La habitación del hotel huele a caucho quemado, suciedad atrasada y al perfume dulzón de las buganvillas. El aire pegajoso y caliente es removido con insistencia por un ventilador anclado al techo. Nairobi y sus miserias se filtran por entre las cortinas azules de la terraza.
Desde allí no pueden ver Kibera, pero el aire recalentado evoca el hedor de la fritanga, la grasa, la mierda derritiéndose al sol en las cunetas.
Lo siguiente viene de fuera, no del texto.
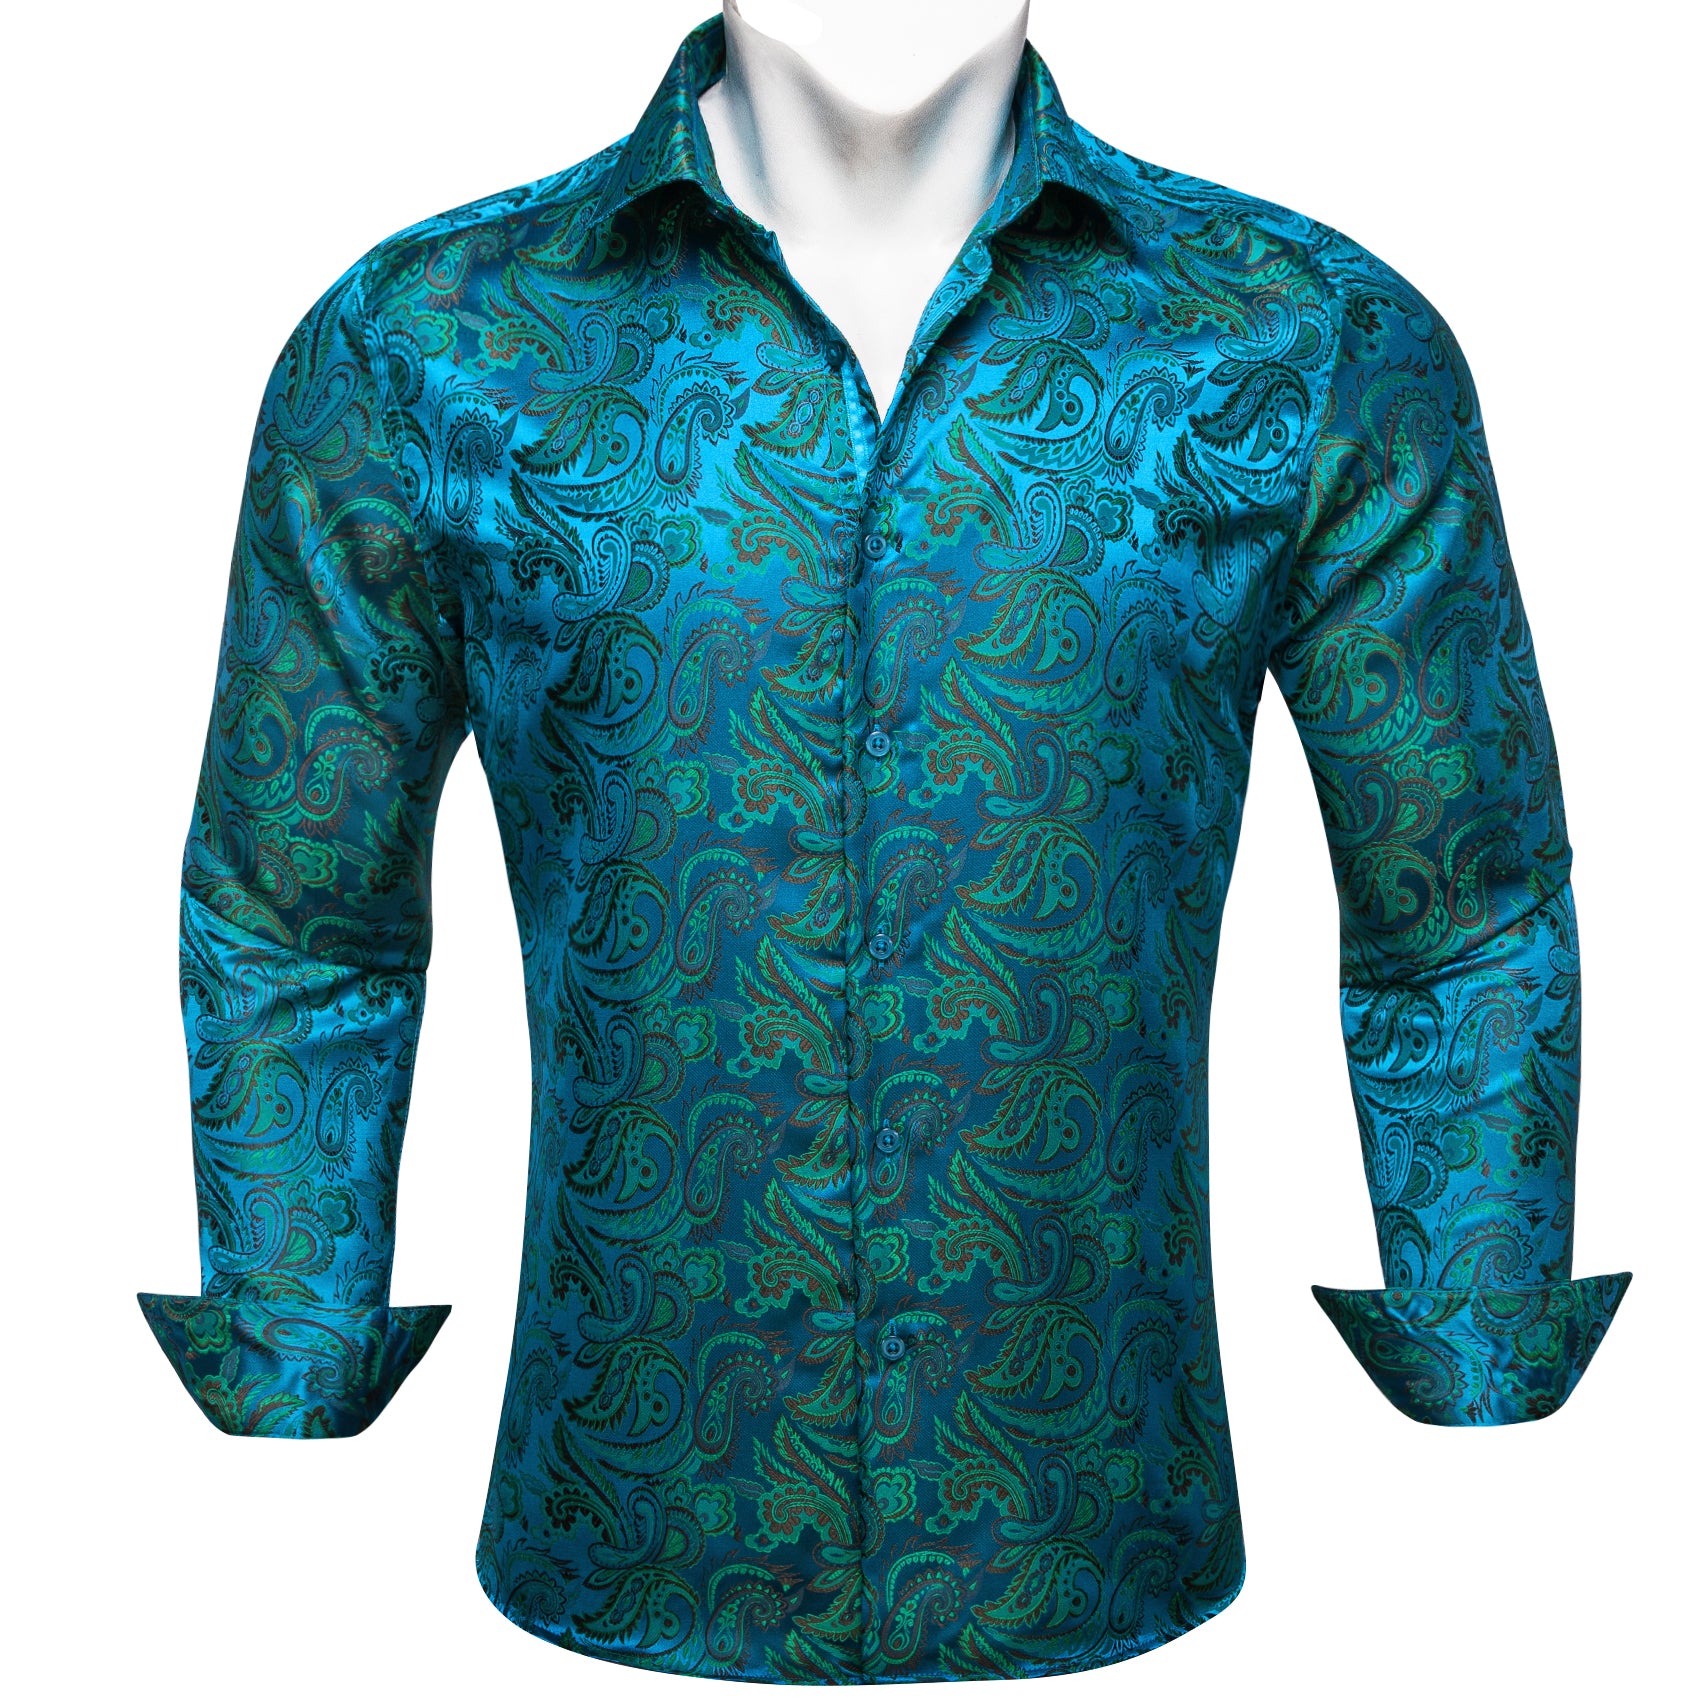 Barry.wang Blue Green Paisley Silk Men's Shirt

Los críos sucios y chillando, el petardeo insoportable de las motocicletas, las uralitas de las chabolas desplomándose, los viejos contra las maderas sucias de las casas, mascando janga con sus sonrisas escorbúticas y precarias.
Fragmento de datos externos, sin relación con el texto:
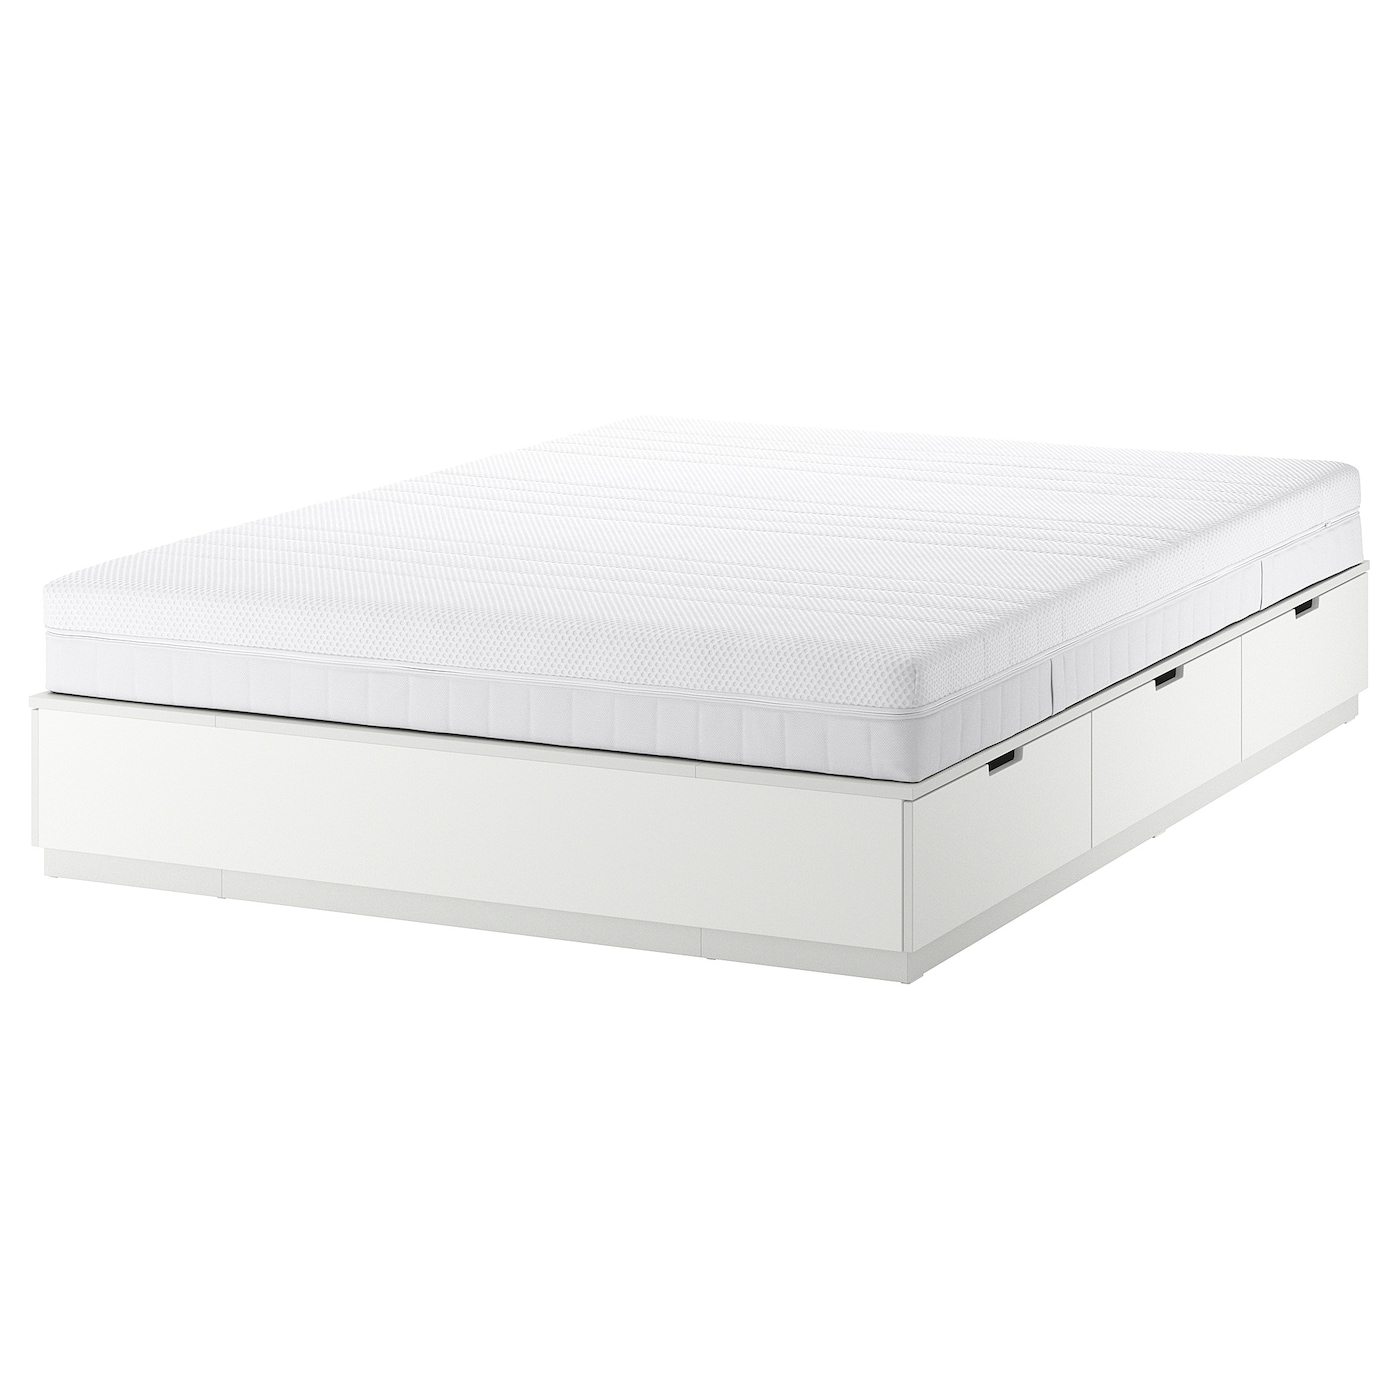 Каркас кровати с ящиком для хранения и матрасом - IKEA NORDLI, 200х140 см, матрас средне-жесткий, белый, НОРДЛИ ИКЕА

Él tampoco quiere ir. Pero ésto no es un viaje de placer. No es un posado en Maldivas o en los resorts para blancos de Zanzíbar. Ésto es publicidad, desgravación al fisco, portada de revistas serias. Ésto es el precio de la fama. Ésto es ayuda humanitaria y tres minutos en todos los noticiarios de prime time del mundo. Y mañana será un contrato para una superproducción o una serie de Netflix con un presupuesto estratosférico. A su edad ya solo le ofrecen papeles de madre o abuela, trabajos de mierda que nadie recuerda. Y su nombre casi al final de los títulos de crédito, por detrás de niñatas bipolares y sin talento, que saben amortizar sus problemas emocionales o la elevación gravitacional de sus culos y sus tetas.
Él también está cansado.
De ella y sus neurosis. De la obligación agotadora de ser su mánager,su dealer, su mejor amigo, su psicoanalista, su confesor y su padre.
Antes, cuando era una estrella, el dinero lo compensaba. Pero en la decadencia de los últimos años, el hartazgo consumía a la paciencia. Y crear aquella fundación con su nombre en Kibera, era la manera en que el destino venía a recompensar sus desvelos. El centro que iban a inaugurar hoy incluía dormitorios, duchas, equipos informáticos, atención social y médica para todos los habitantes del suburbio más grande del mundo. Una ciudad surgida como un hongo a la sombra de la capital de Kenia, pero que ya era más grande y populosa que la ciudad a la que se adhería y de cuyos despojos se alimentaba. Sin luz, agua corriente, saneamientos, futuro ni esperanza, Kibera era el pozo sin fondo de todas las agencias humanitarias del mundo. El agujero negro de las desviaciones de fondos y la corrupción más desalmada. Nada cambiaría en Kibera. Pero él, vería sus cuentas en las islas Caimán engordar y subir como la espuma.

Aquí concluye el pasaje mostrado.